Projects are submitted through the online submission system using GIT. You may submit your assignments to be graded many times as you like. Late submissions for Checkpoint 0 will not be accepted. Submissions for checkpoints 1-3 will receive a 3/15 point penalty per day late. Late penalties are per-submission. Your group's grade is the highest of all grades received by your group for the project, so your grade can never decrease from additional submissions (even if they're late). Don't be afraid to experiment with new ideas once you've gotten a grade you're happy with!
Letter Grades
You will get a(n)... |
A |
A- |
B+ |
B |
B- |
C+ |
C |
C- |
D |
F |
If your number grade is at least... |
93 |
90 |
87 |
83 |
80 |
77 |
73 |
70 |
60 |
$-\infty$ |
But less than... |
$\infty$ |
93 |
90 |
87 |
83 |
80 |
77 |
73 |
70 |
59 |
Attendance
I see attendance as a privilege rather than a requirement: You (or your parents, or your scholarship, etc...) are paying me so that you can interrupt me with a question if when I say something stupid or confusing in class. There is no mandatory attendance. However, if you ask me a question by email or during office hours that I already addressed to the class's satisfaction, I reserve the right to tease you mercilessly.
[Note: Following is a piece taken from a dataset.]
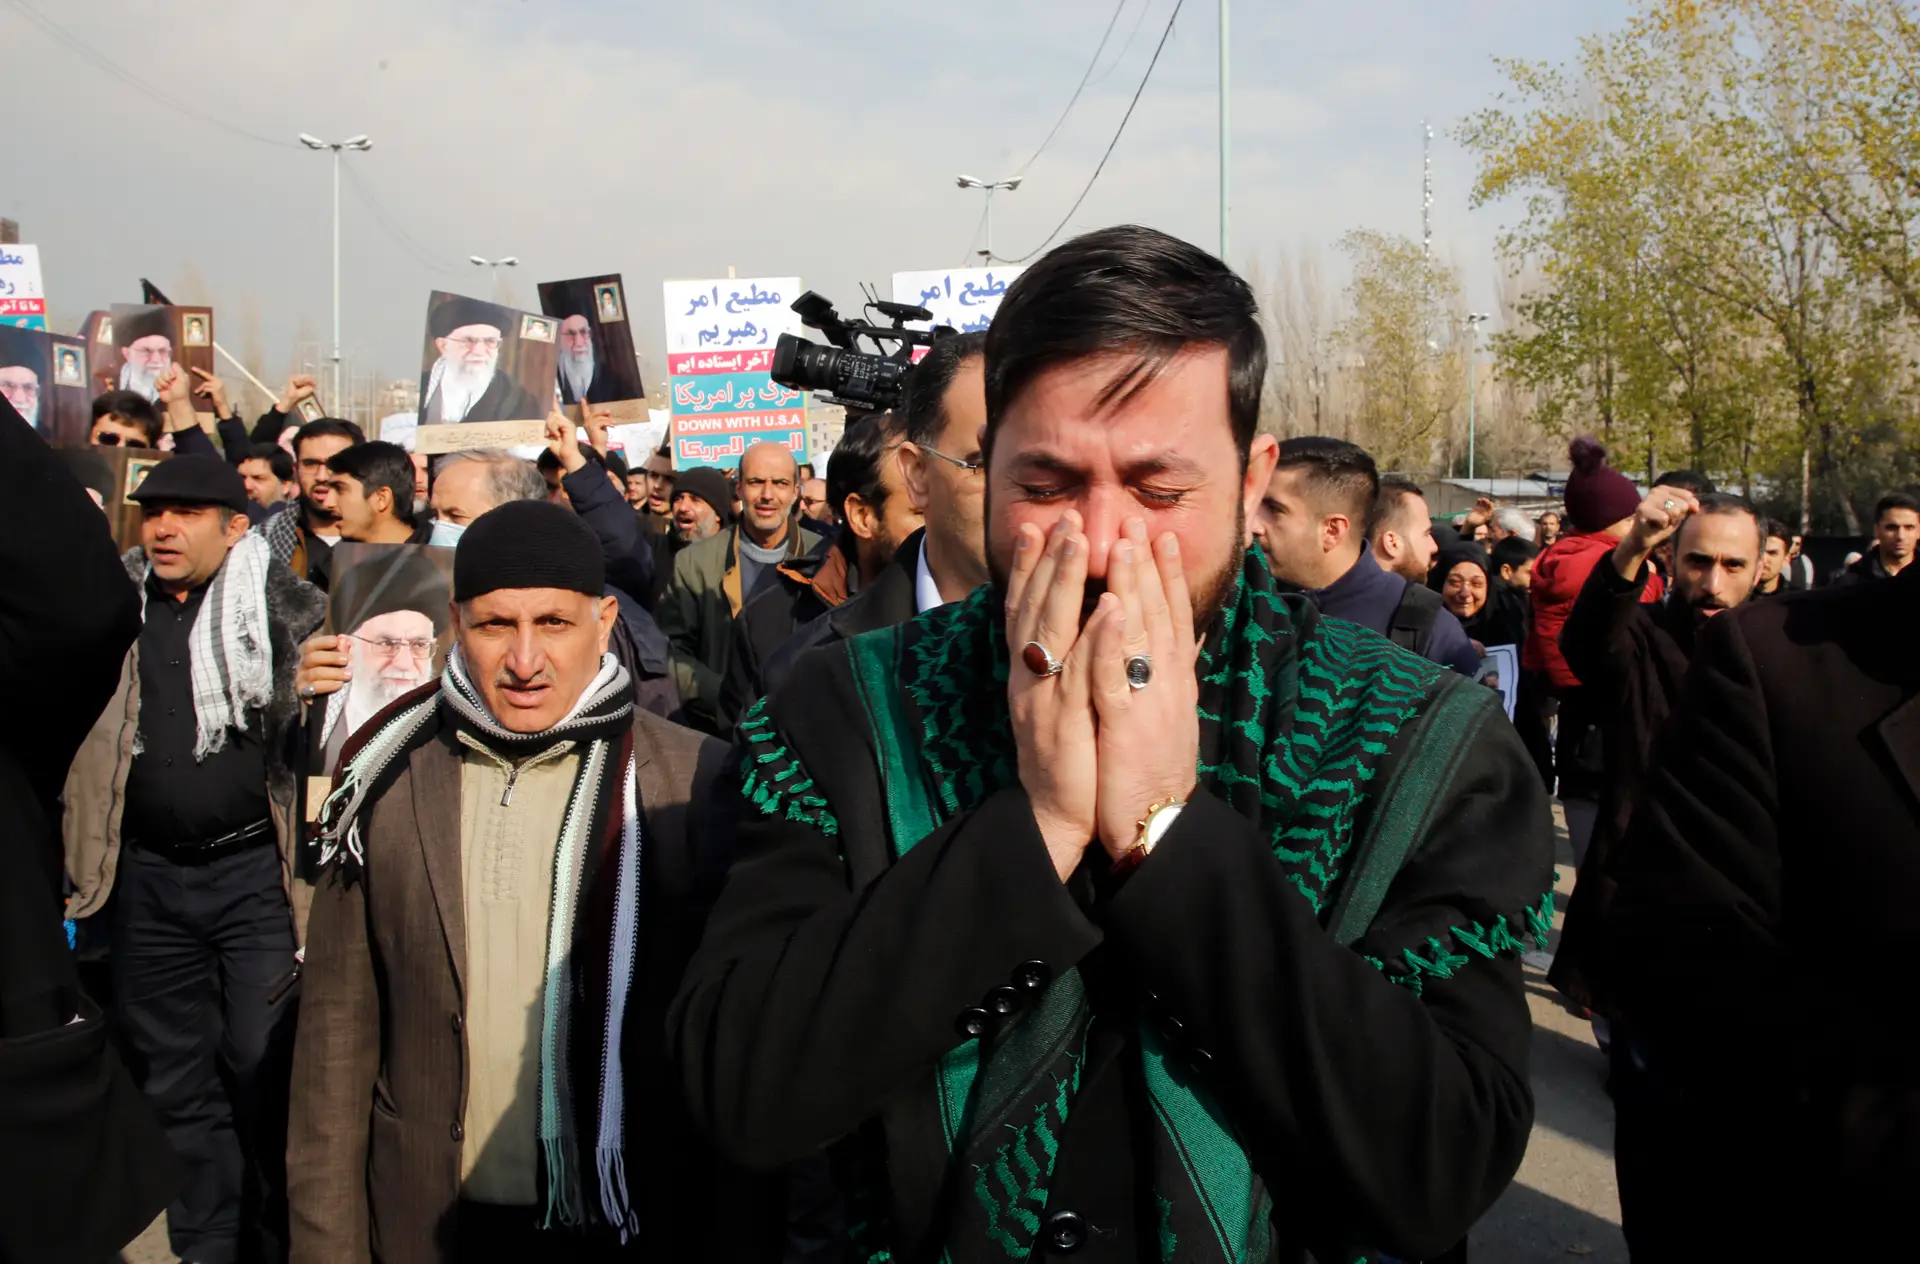 Milhares de pessoas choram a morte de Qassem Soleimani, tido como herói nacional desde a guerra Irão-Iraque na década de 1980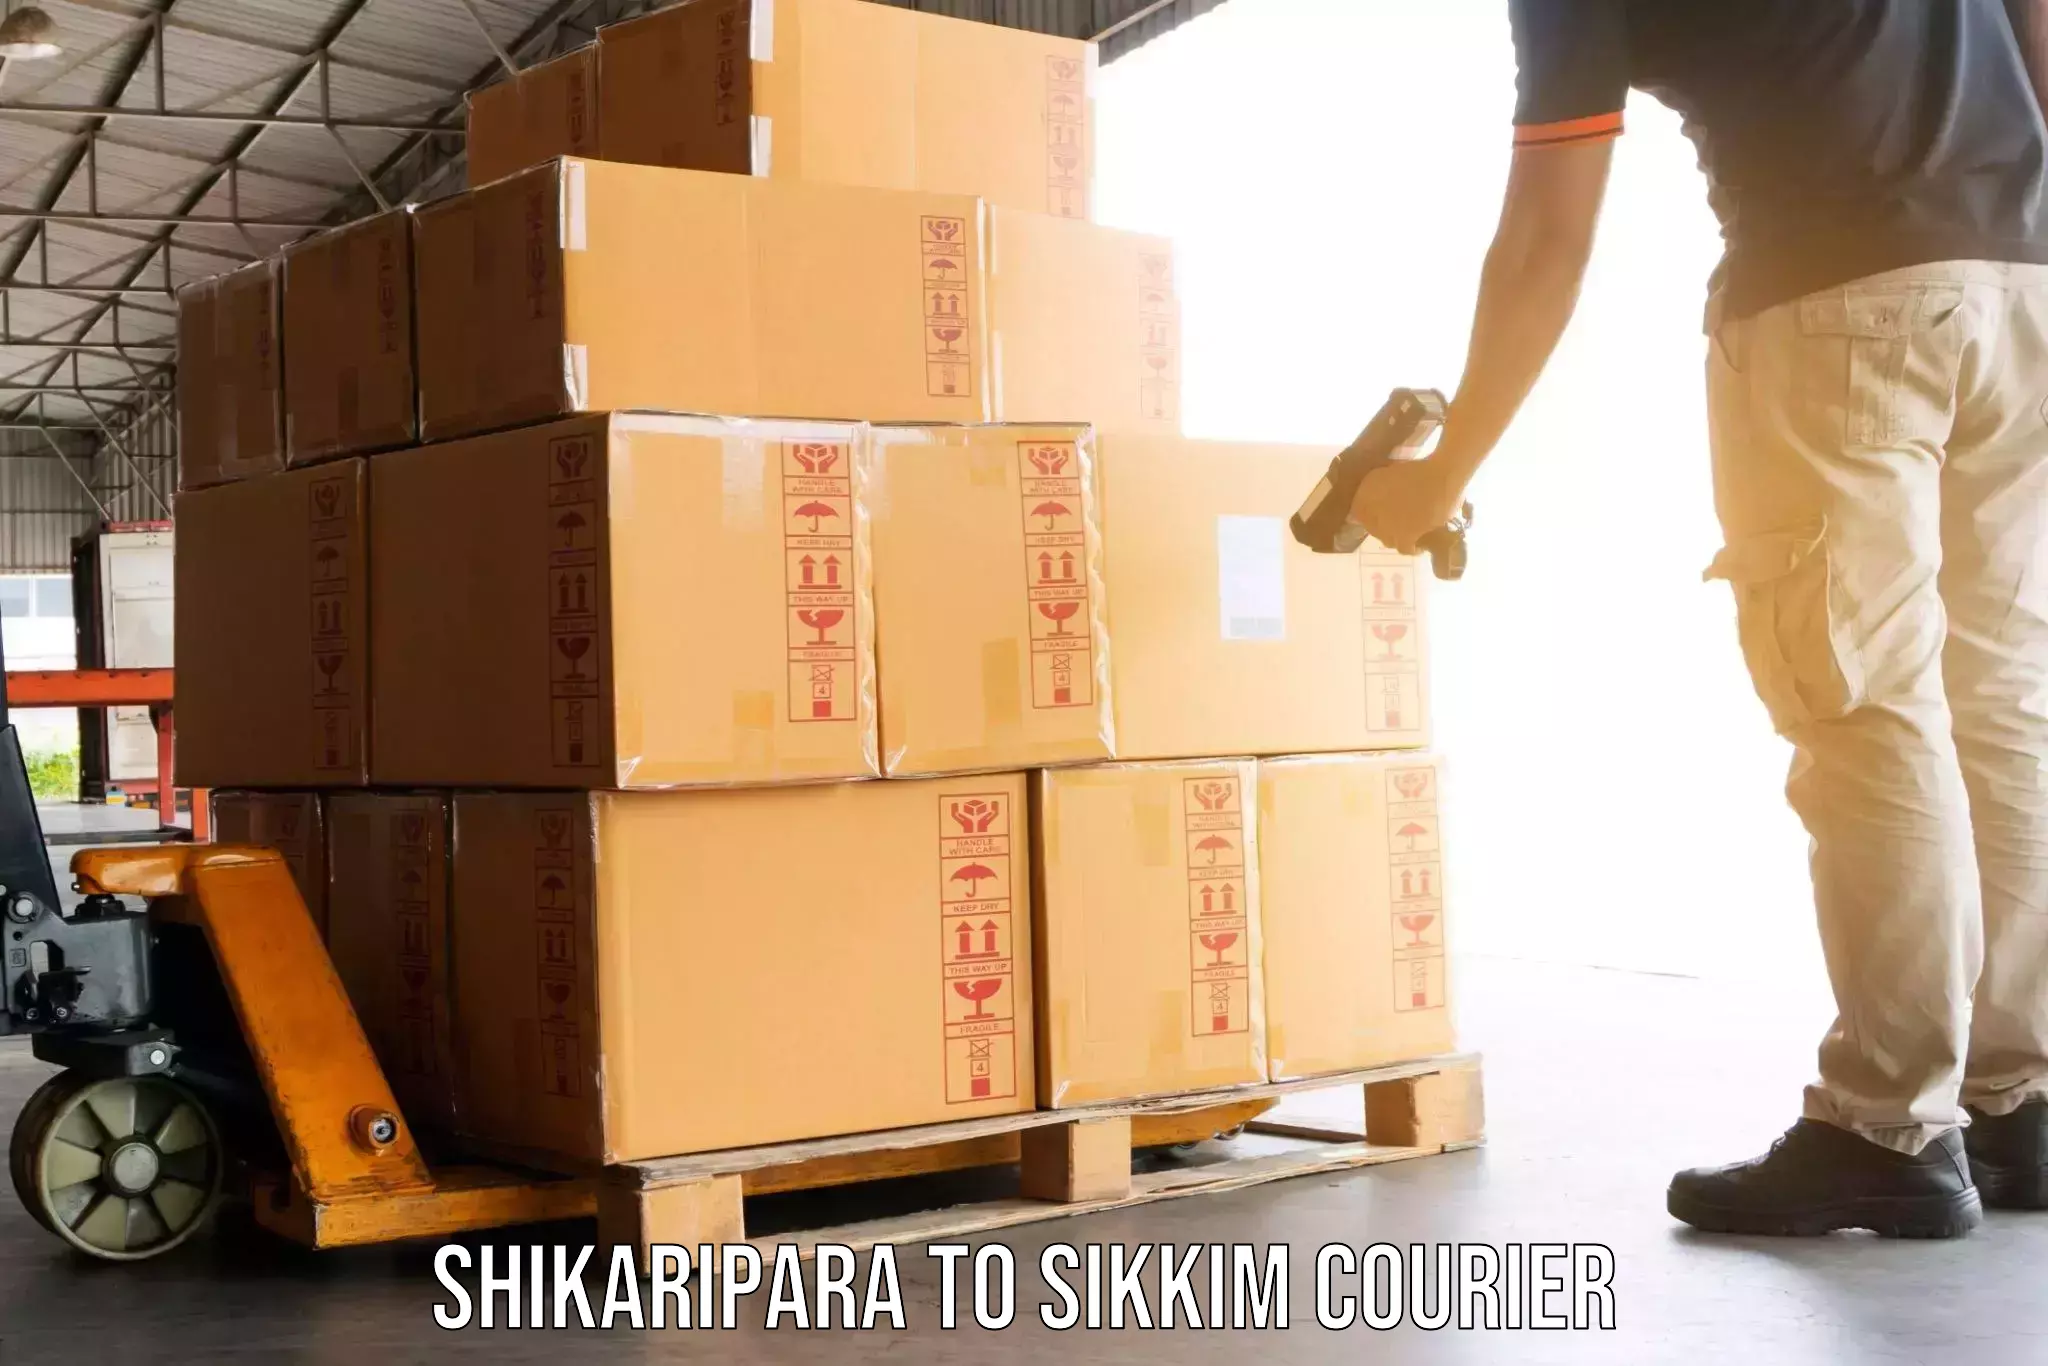 Local household movers Shikaripara to East Sikkim

That all being said, I will try to post lecture videos online so that you can catch up on what you missed.
Academic Integrity
Students may discuss and advise one another on their projects, but groups are expected to turn in their own work. Discussing concepts is permitted. Referencing code (e.g., from another group, or from stack overflow or github) is not. When in doubt, ask a TA or the instructor. Violations typically result in an F grade in the course for all students involved. The Department's policy on academic integrity can be reviewed at:
UB-CSE's Academic Integrity Policy
Medical Emergencies
Accommodations for medical emergencies will be made on a case-by-case basis. Requests for extensions based on medical emergencies must be accompanied by documentation of the emergency from student health services:
Student Health Services
Accessibility Resources
If you have a diagnosed disability (physical, learning, or psychological) that will make it difficult for you to carry out the course work as outlined, or that requires accommodations such as recruiting note-takers, readers, or extended time on exams or assignments, please advise the instructor and contact the Office of Accessibility Resources during the first two weeks of the course so that we may review possible arrangements for reasonable accommodations. The Office of Accessibility Resources can be reached at:
The Office of Accessibility Resources |
(716) 645-2608 | accessibility@buffalo.edu
Note that OAR gets extremely busy towards the end of the term. If you anticipate needing special testing accomodations, please make sure to contact them 2-4 weeks in advance.